Lambeck left Las Vegas one day without the formality of saying goodbye. The story I got, which I couldn’t confirm, was that a nephew drove out from New Jersey to visit him, could see that something just wasn’t quite right, and cajoled Herbie into going back home with him.

Lambeck’s disappearance prompted a visit to the seedy little hotel that he called home. It wasn’t called the Casbah anymore, having taken on a new name, the Queen of Hearts. Lambeck, it was learned, had paid his rent in full for the entire year before leaving town (this was in the early summer, if memory serves). The clerk at the front counter worked under the assumption that someday he would look up and there would be Herbie, walking in the front door. But he never returned.

In some ways it was better this way. Lambeck was a creature of habit. Downtown Las Vegas, like much of the city, was morphing into something that would have taken him out of his comfort zone.

Lambeck was in the habit of taking his lunch at the Plaza Hotel which fronts the stretch of Fremont Street once known as Glitter Gulch. After Lambeck left town, this stretch, a four-block corridor, was converted into a pedestrian mall where high-decibel computerized light shows entertain well-lubricated tourists and conventioneers consuming godawful concoctions sucked through a straw in a large plastic souvenir glass. Lambeck would run for the hills at the very sight of such people. He would eventually outlive the place where he hung his hat. The Queen of Hearts was demolished to make way for a new City Hall.

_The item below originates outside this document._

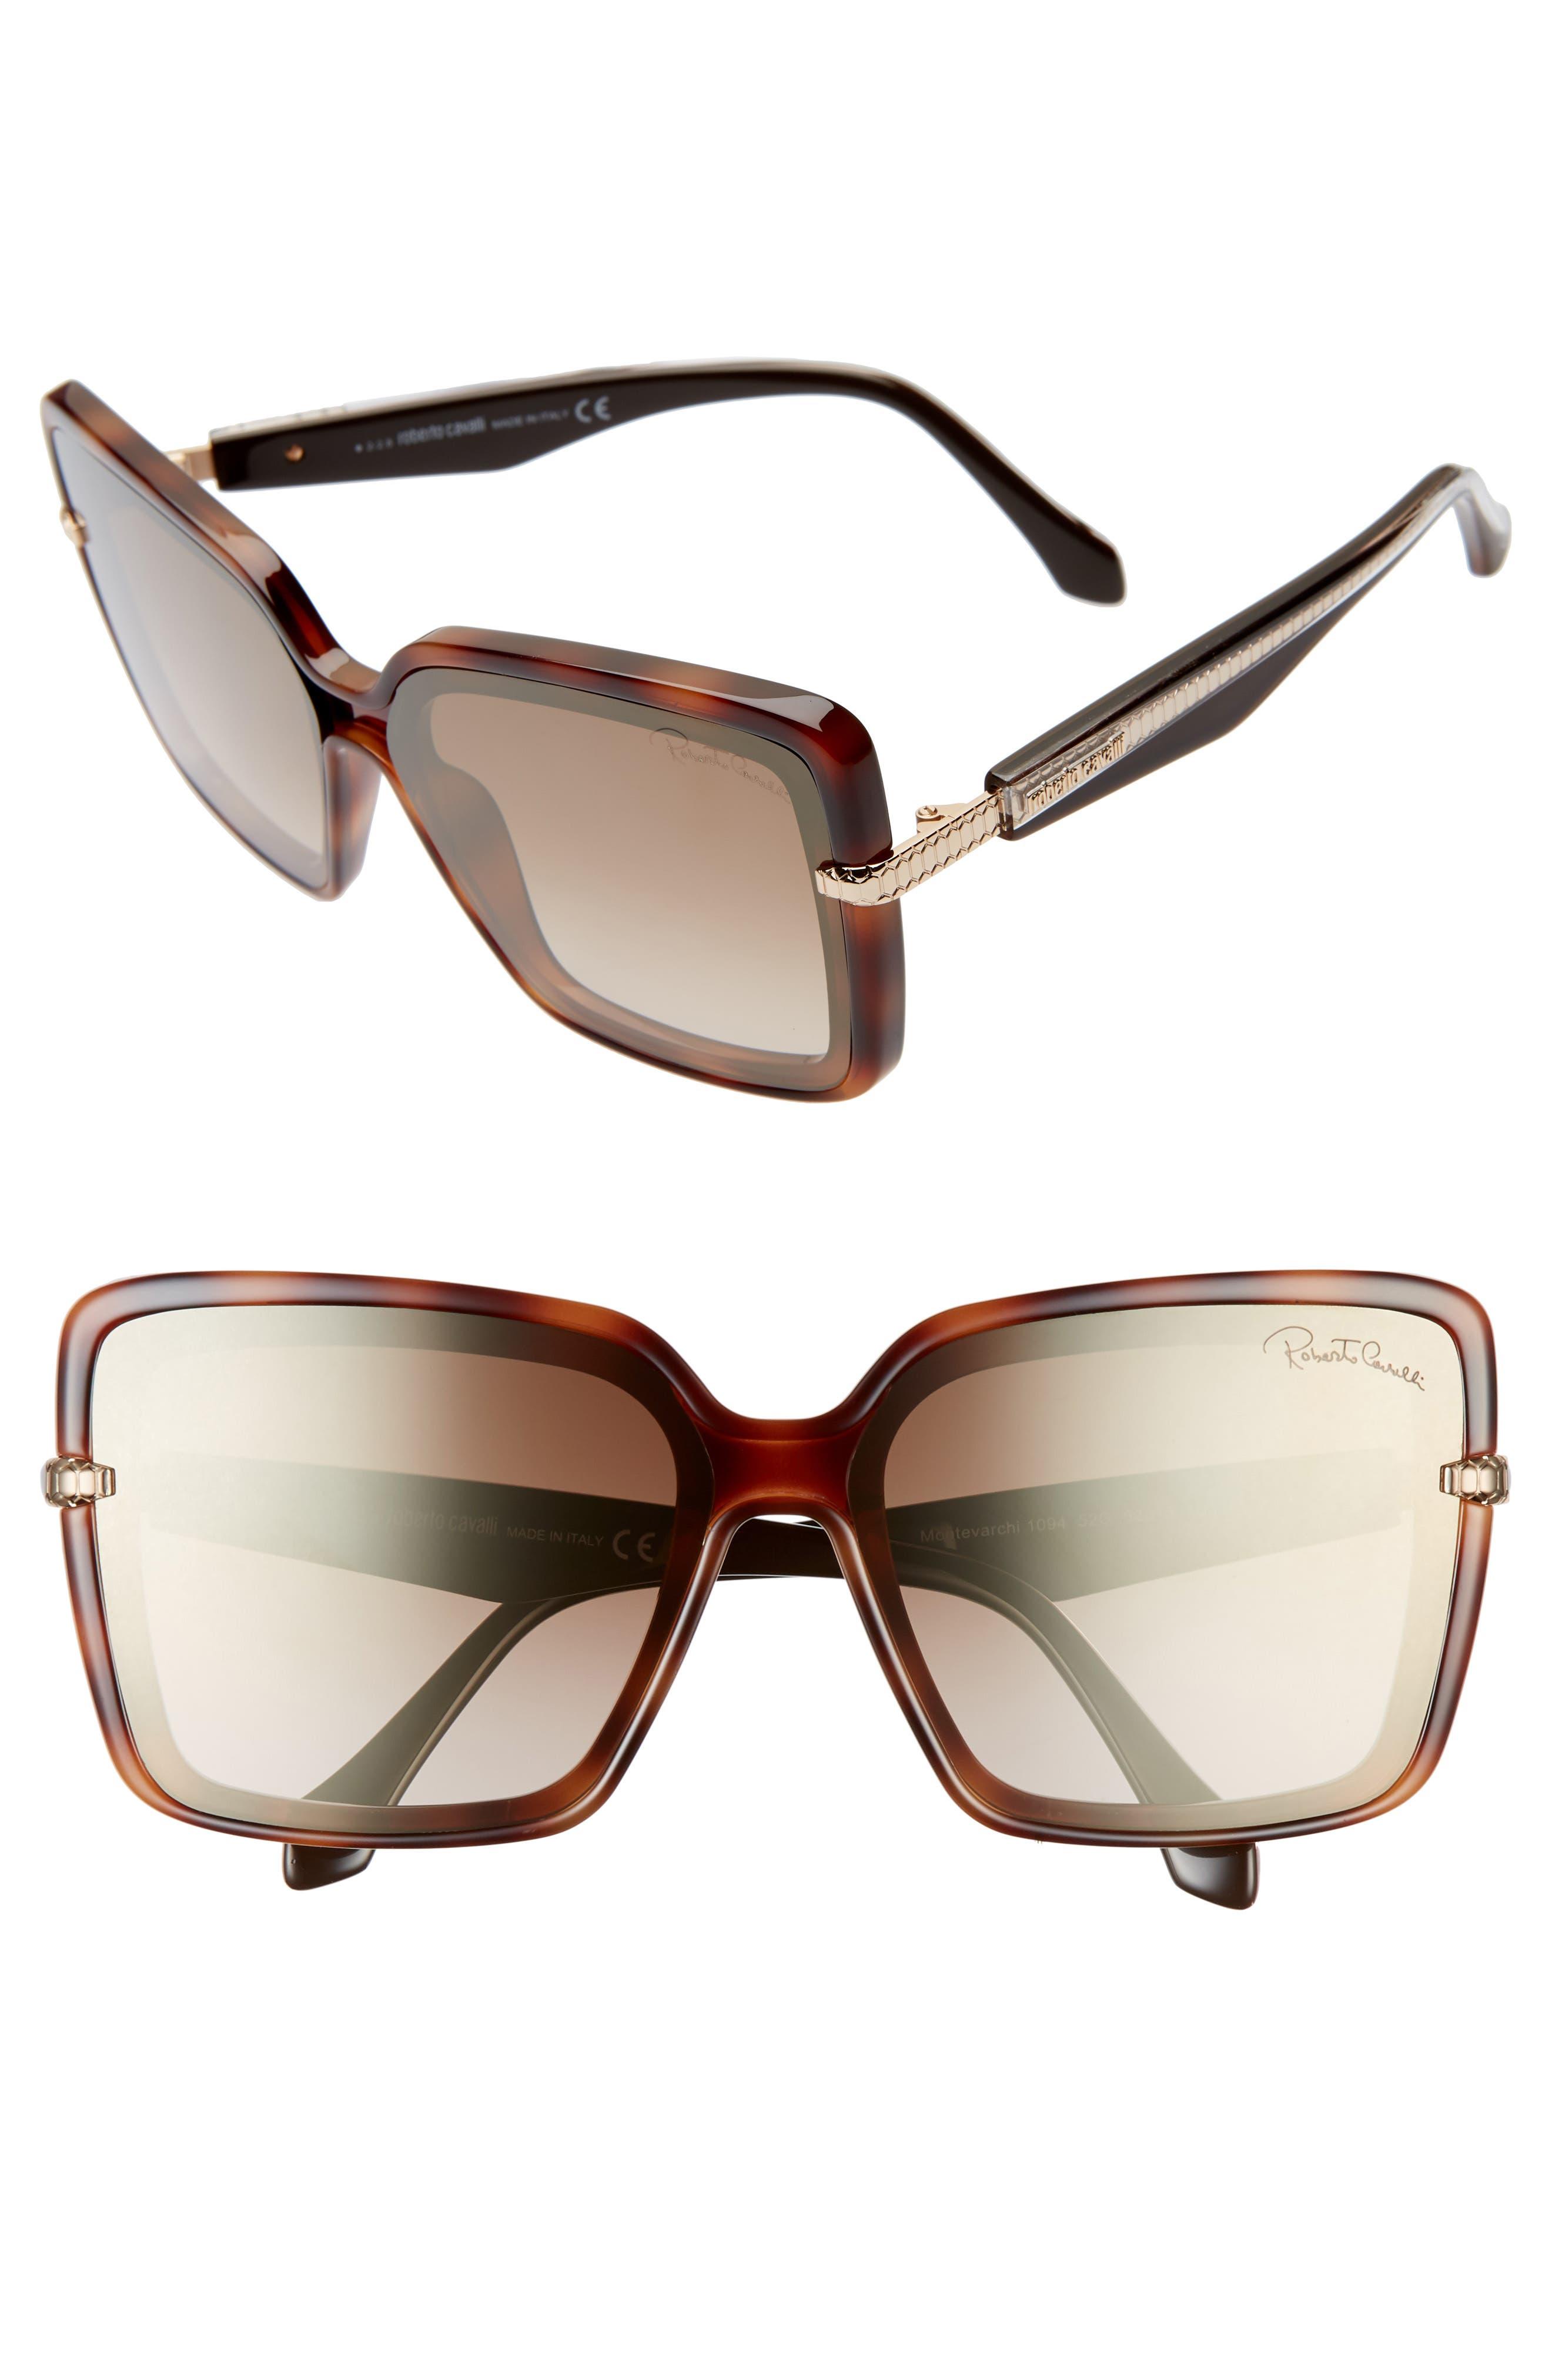 Roberto Cavalli 62Mm Oversize Flat Front Butterfly Sunglasses - Dark Havana/ Brown Mirror

Lambeck didn’t fall off the map entirely. Several of his old friends ferreted out his whereabouts and kept in touch. Ivor Thomas, the U.K. bookmaker, was one of them. But as the end days approached for Lambeck, these long-distance telephone chats became more awkward. “He just wasn’t the same Herbie that we had all come to know,” Thomas told me. He didn’t need to elaborate. Like so many of his favorite boxers, Lambeck in his dotage couldn’t roll back the encroaching fog.

I think of Lambeck whenever I find myself in a sports book pondering the odds on a boxing match. I half expect to hear someone say, “Well, who does Herbie like?” His memory lingers.